Influência da desigualdade na tributação
Na mesma onda de Thomas Piketty (“Le capital au XXie siecle”) e George Packer (“The unwinding – An inner history of the new America”), o alemão Wolfgang Streeck (“New Left Review”) também tem a sua análise sobre o atual momento do capitalismo. Segundo este último escritor, a crise do modelo capitalista está sustentada no seguinte tripé: baixo crescimento econômico, endividamento e desigualdade. Esses três vetores estariam inter-relacionados por meio de recíprocas relações de causas e efeitos – aqui termina a referência a Streeck.
A superação dessa crise deve seguir um de dois caminhos: o abandono da estrutura capitalista ou a reformulação da cultura capitalista. De certa maneira, esses mesmos vetores e a mesma estratégia de superação da crise podem ser analisados no contexto brasileiro. Considerando que a Constituição Federal adota o regime capitalista, vou me limitar ao segundo dos dois caminhos mencionados.
Recentemente, a política brasileira para a redução da desigualdade baseou-se no endividamento, quer público quer privado. De início, deve ser advertido que a igualdade foi entendida como integração das classes C, D e E (economicamente menos favorecidas) ao mercado consumidor, de mercadorias e de serviços, embora a universalização do acesso venha sendo alcançada ao custo da qualidade (veja-se o caso da educação).
Entendo que incluir pessoas no mercado de consumo não se identifica com proporcionar igualdade. A redução da desigualdade requer a inclusão de pessoas na geração da riqueza a ser distribuída, como são exemplos: a qualificação para o desempenho de funções bem remuneradas e a garantia de segurança jurídica para o empreendedorismo e o desenvolvimento tecnológico. Da mesma forma que a baleeira não é utilizada para viagens marítimas, e sim para levar os náufragos até um porto seguro (terra firma ou outra embarcação), os programas sociais não servem como permanente fonte de riqueza, mas para preparar a pessoa para sua realização plena: econômica, social e cultural.

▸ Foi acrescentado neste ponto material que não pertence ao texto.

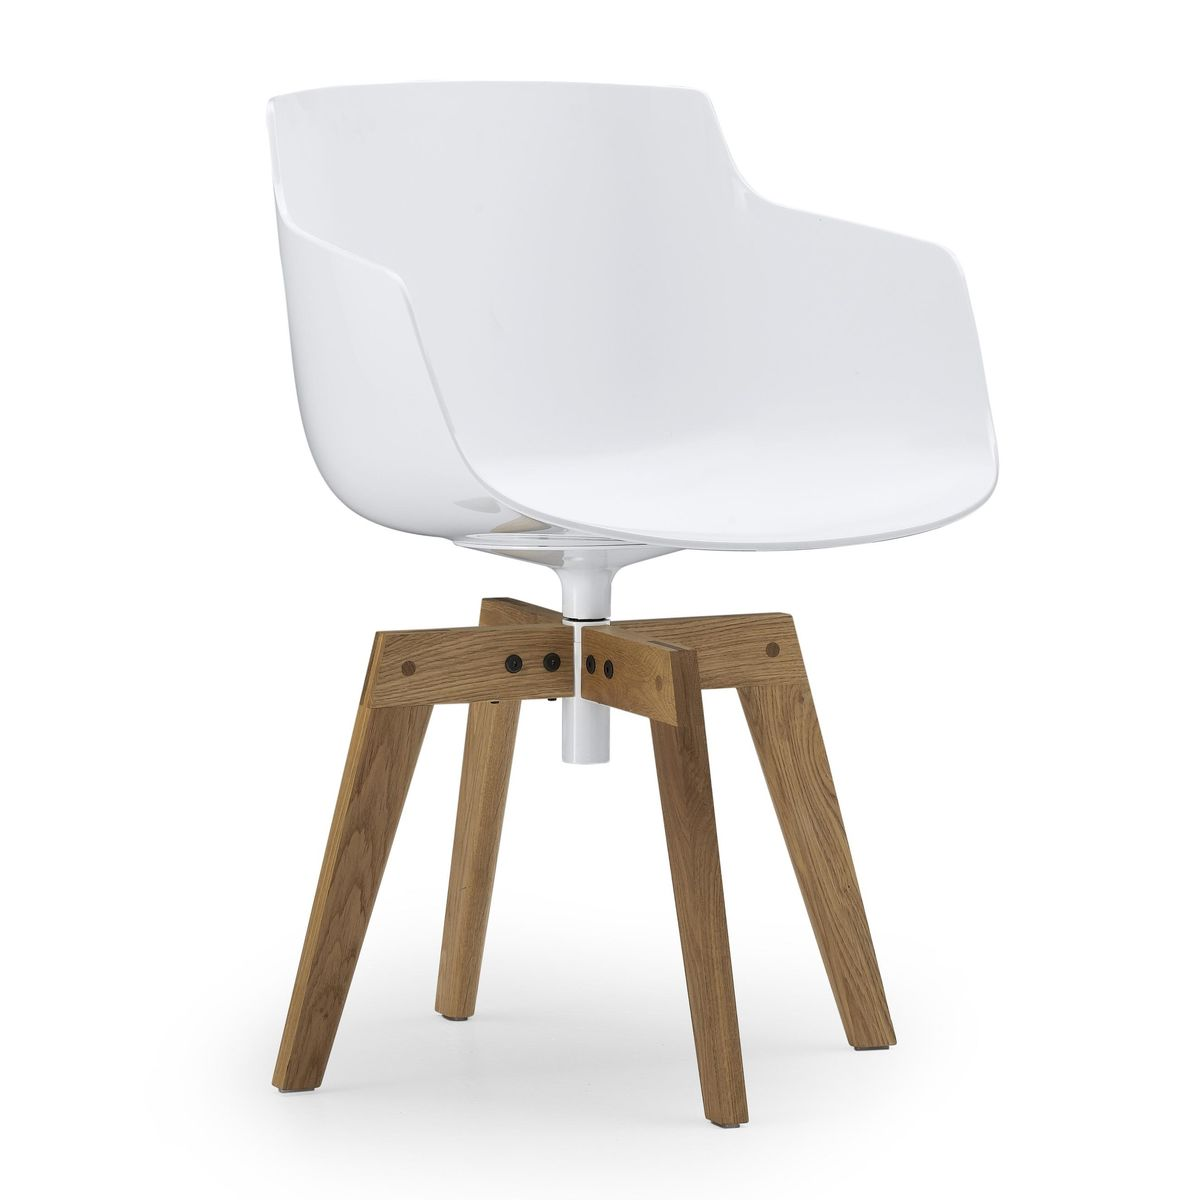 flow slim armlehnstuhl f e in eiche mdf italia. Black Bedroom Furniture Sets. Home Design Ideas

Voltando à situação presente, o endividamento público foi utilizado para financiar os programas assistenciais, como Bolsa Família, Minha Casa Minha Vida e outros, além do aumento do salário mínimo, que impactou no orçamento de Estados e municípios. Em paralelo, a igualdade de consumo acabou por ser possível também em razão da expansão do crédito e do microcrédito. Ocorre que essa política tem demonstrado sinais de esgotamento.
Num quadro que soma a dificuldade na administração e na expansão da dívida, pública e privada (confiram-se os índices de inadimplência), e a taxa de crescimento econômico próxima de zero (0,3% do PIB segundo a última previsão do Fundo Monetário Internacional), a desigualdade somente será reduzida se for retirada riqueza de quem tem para transferir aos que não têm ou que têm menos. Inserido nesse contexto, a redução da desigualdade dependerá do Robin Hood ou da tributação. Neste último caso, há uma solução quase que exclusiva: alta taxação do capital e do patrimônio.
A mim não me parece que existe alternativa viável à política econômica atualmente aplicada no Brasil, que poderá, com alto grau de probabilidade, chegar à encruzilhada descrita acima. Mantendo-se a estrutura capitalista, o foco da política econômica deveria ser o crescimento econômico, especialmente no fomento à produção de riqueza tangível (indústria, comércio e serviços). Ocorre que esse fomento não pode ser realizado por meio da concessão de incentivos fiscais para setores ou produtos específicos, mas deveria contemplar a simplificação do controle tributário, possível por meio dos controles eletrônicos, e o investimento em infraestrutura, no seu sentido mais amplo.
Havendo crescimento econômico, a atual carga tributária (relação arrecadação/PIB) poderia ser mantida e até ampliada, reduzindo-se, contudo, a carga tributária individual, suportada por cada empresa e por cada pessoa física. Nesse quadro seria possível viabilizar a necessária reforma tributária, implementando no Brasil um único imposto genérico sobre o consumo, de competência federal, incidente sobre o valor agregado. Com isso, o sistema tributário brasileiro seria ainda mais simplificado, racionalizado e poderia buscar a justiça fiscal, invertendo a atual relação entre a tributação direta e a tributação indireta, que seria mais uma contribuição à redução da desigualdade.
Certamente, o assunto tem complexidade maior, mas essas são algumas ideias lançadas para discussão. Também é certo que, seja qual for o nome escolhido nas eleições democráticas, o governo que está aí tem que mudar. Portanto, a apreensão demonstrada pelos empresários brasileiros, a espera de definições para a decisão sobre investimentos, é plenamente justificada.